▶ Data provided
==*==

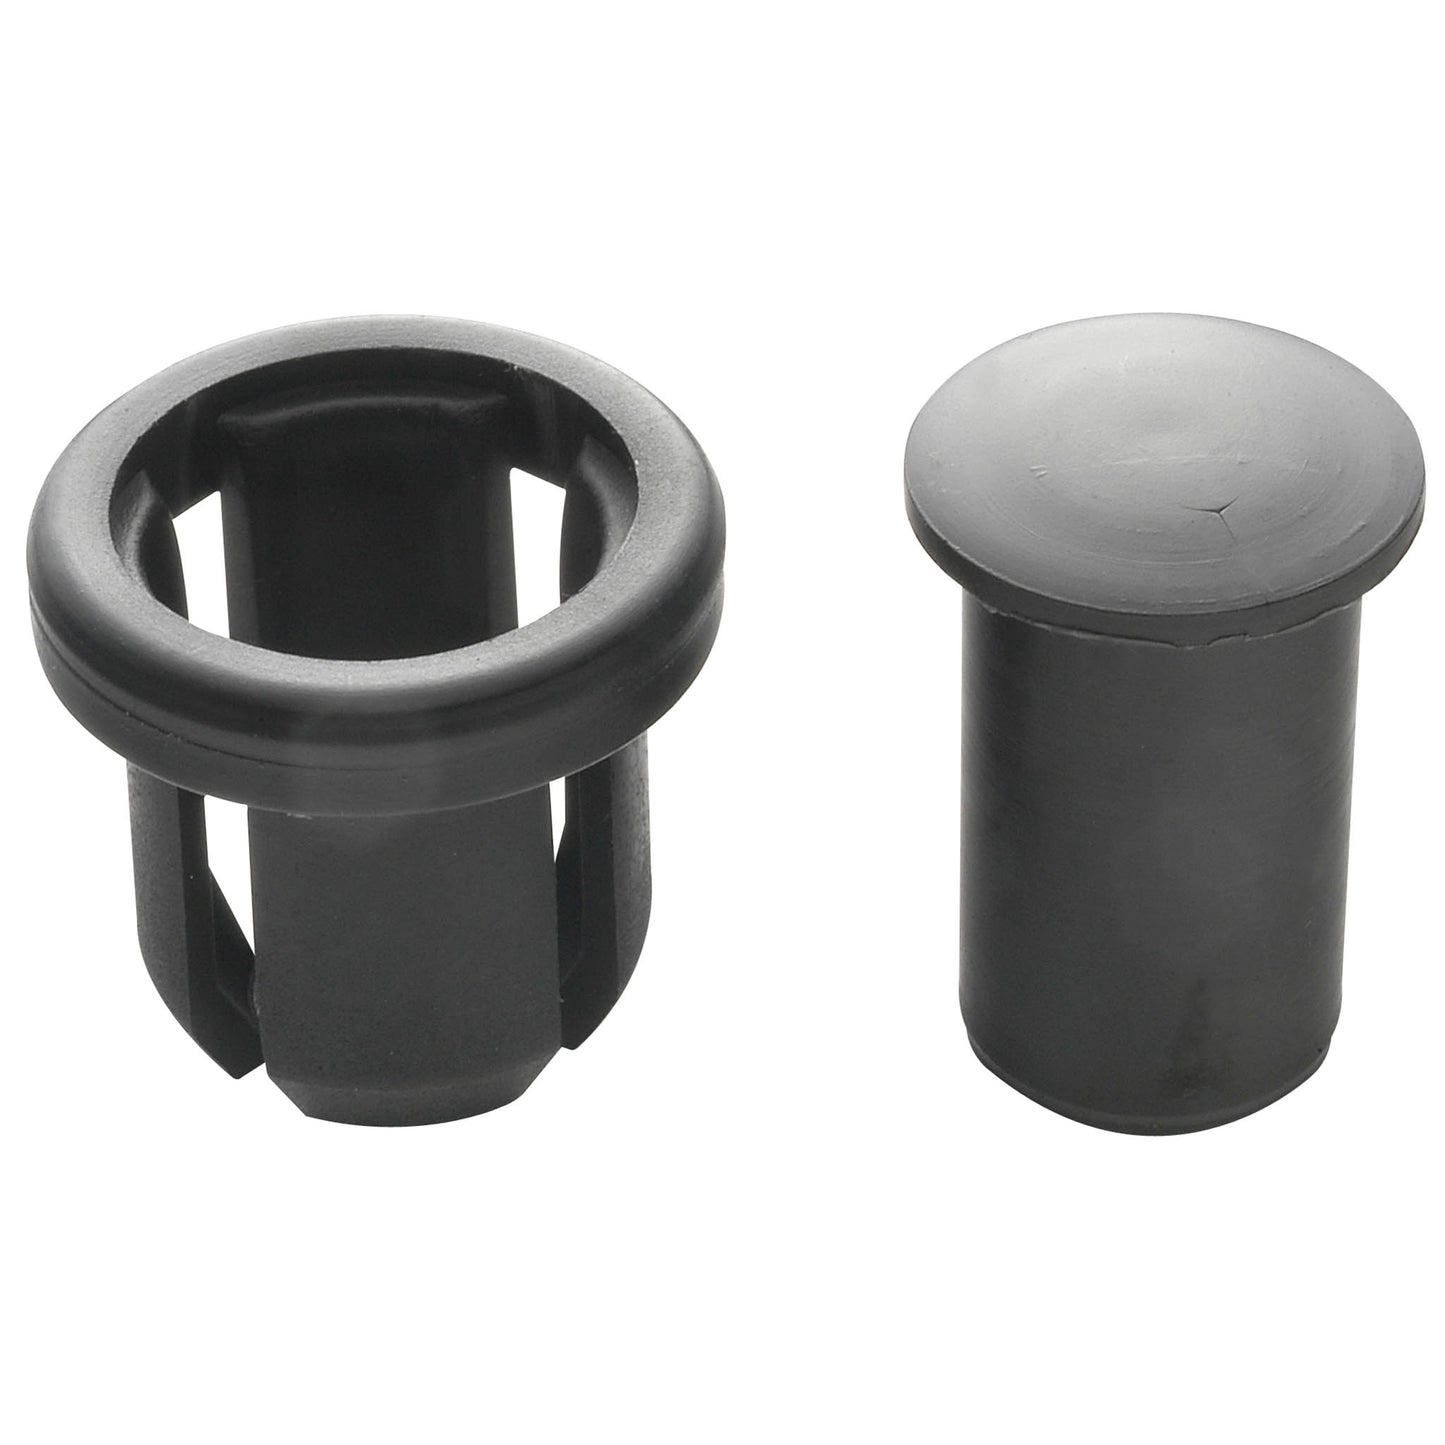 Black plastic handlebar plug
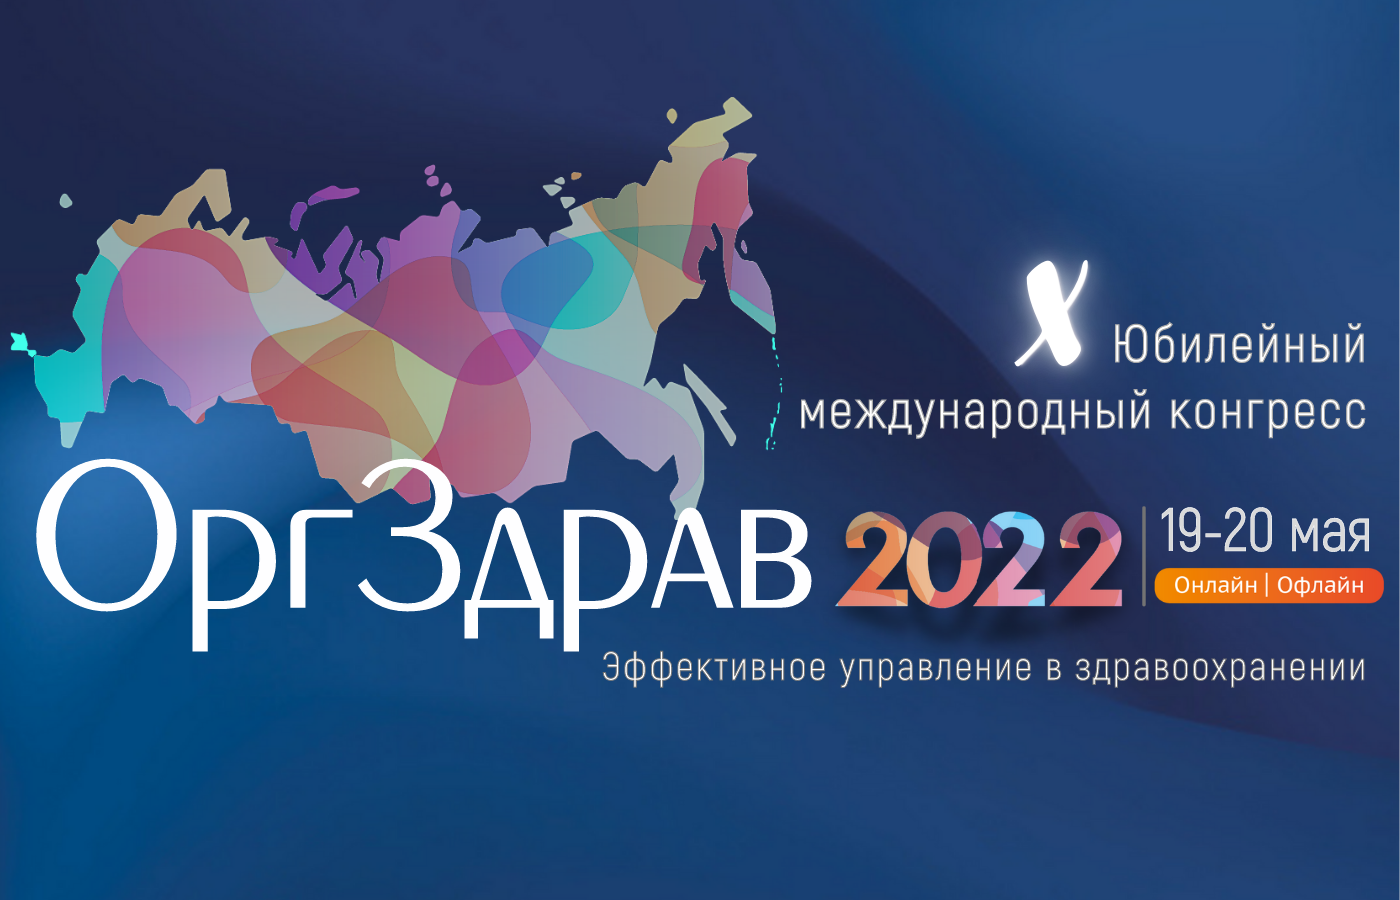 Оргздрав 2024. ВШОУЗ. РЕГЛЕК 2022. Логотип ВШОУЗ-КМК.
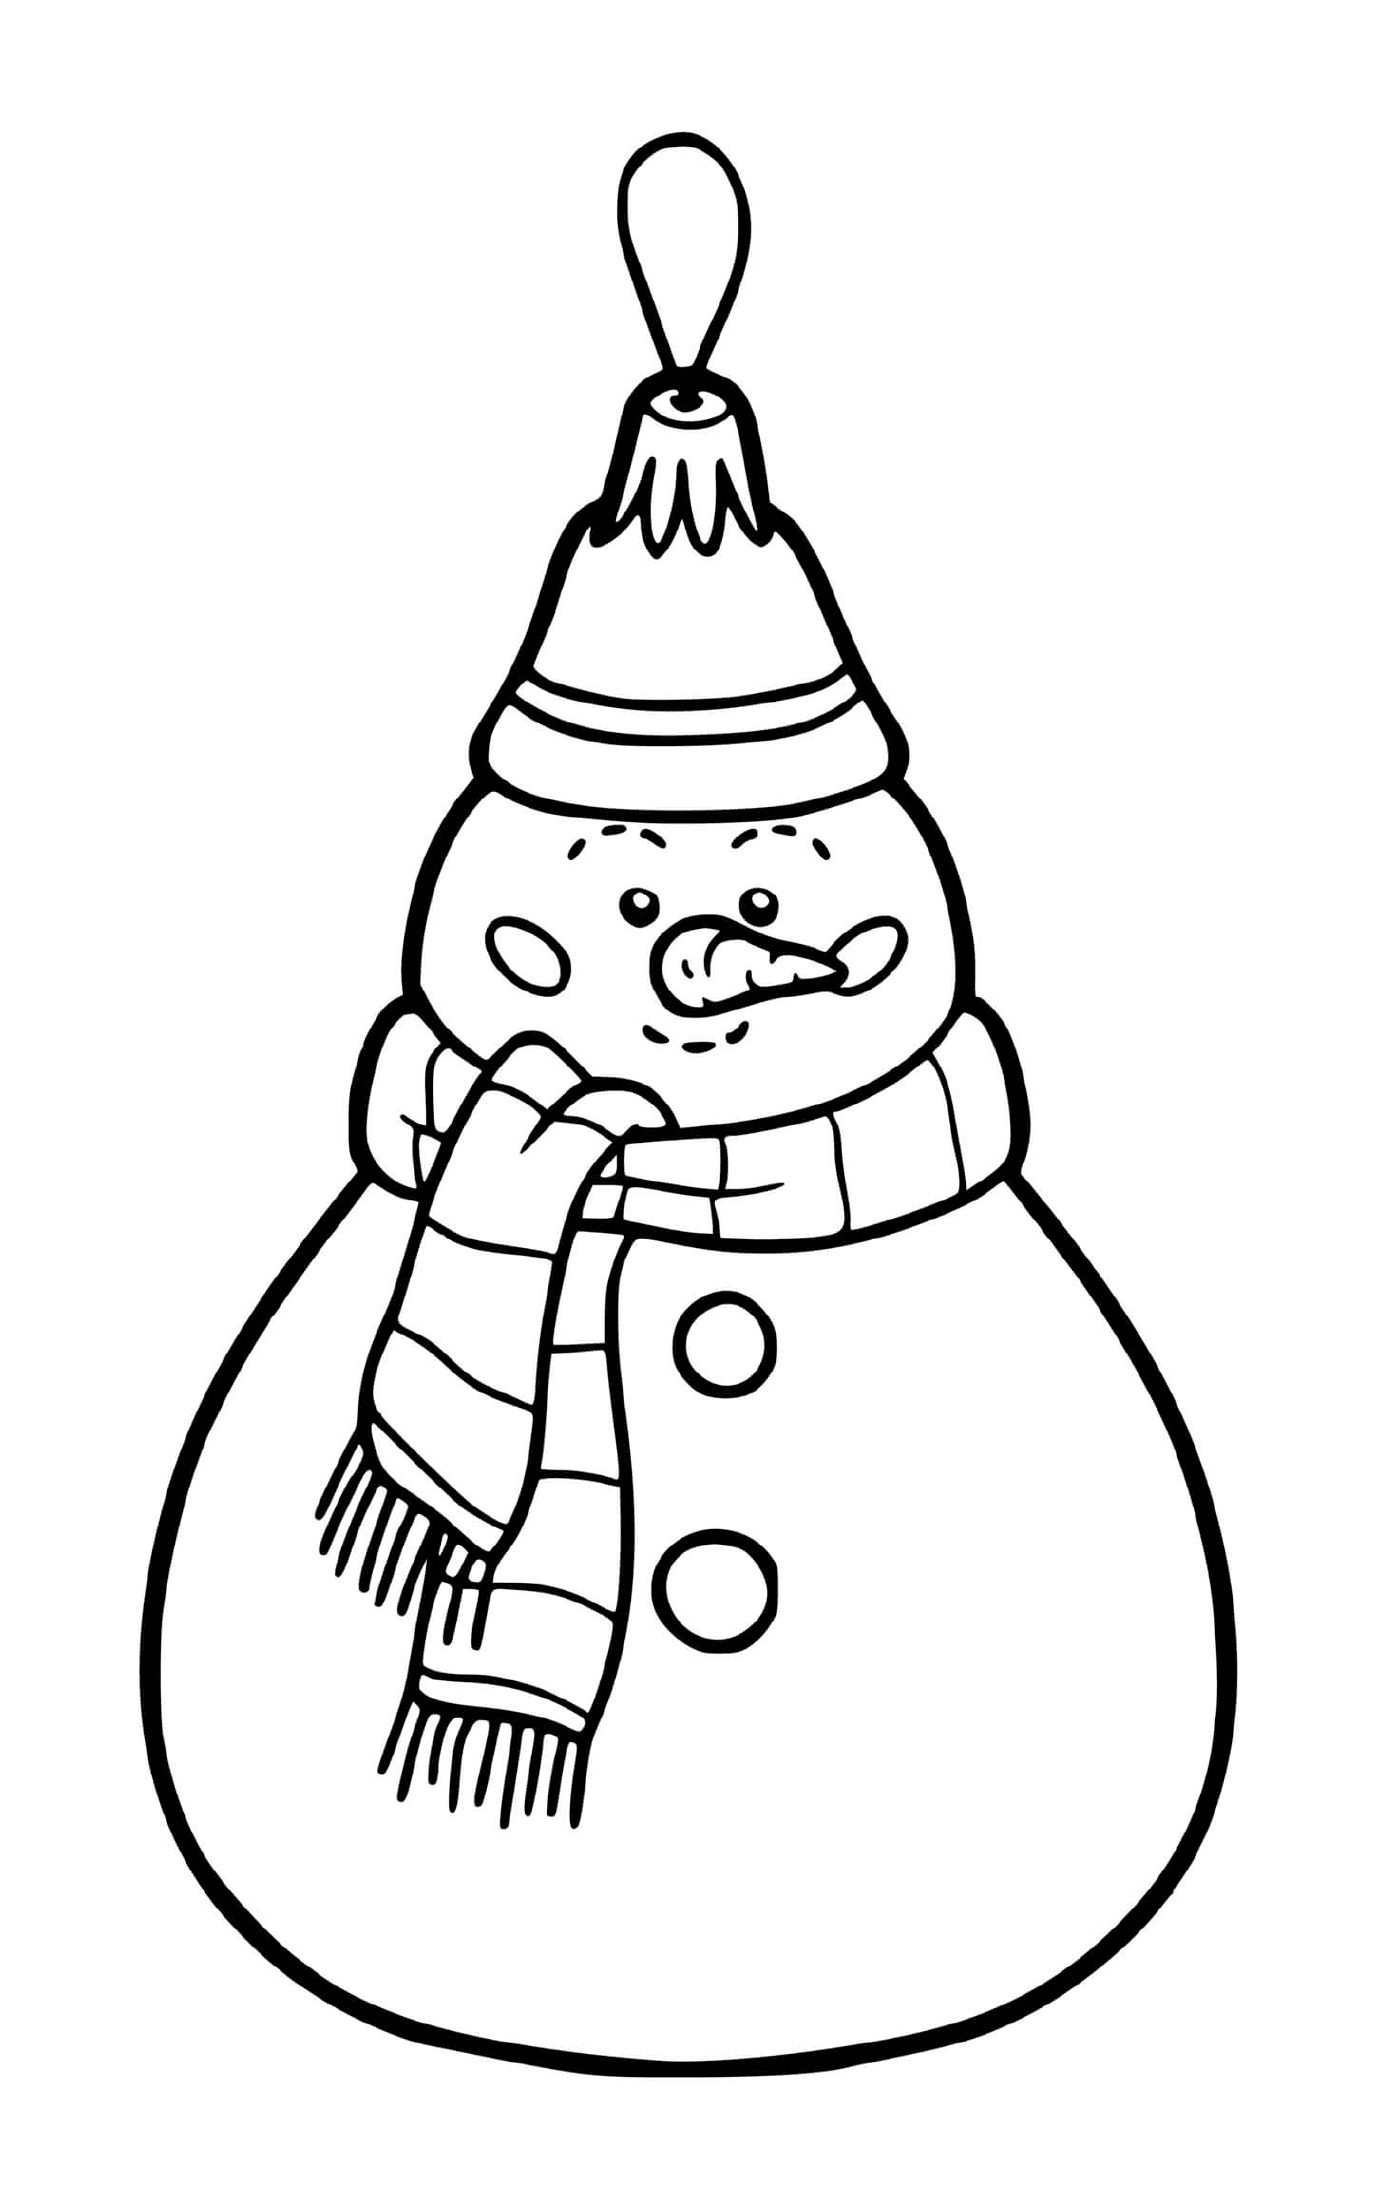 coloriage boule de noel en forme de bonhomme de neige pour sapin

==*==

▶ What this task involves
Leave the pictures out and transcribe the remaining material exactly.

▶ Response box
 Black plastic handlebar plug
 Оргздрав 2024. ВШОУЗ. РЕГЛЕК 2022. Логотип ВШОУЗ-КМК.
 coloriage boule de noel en forme de bonhomme de neige pour sapin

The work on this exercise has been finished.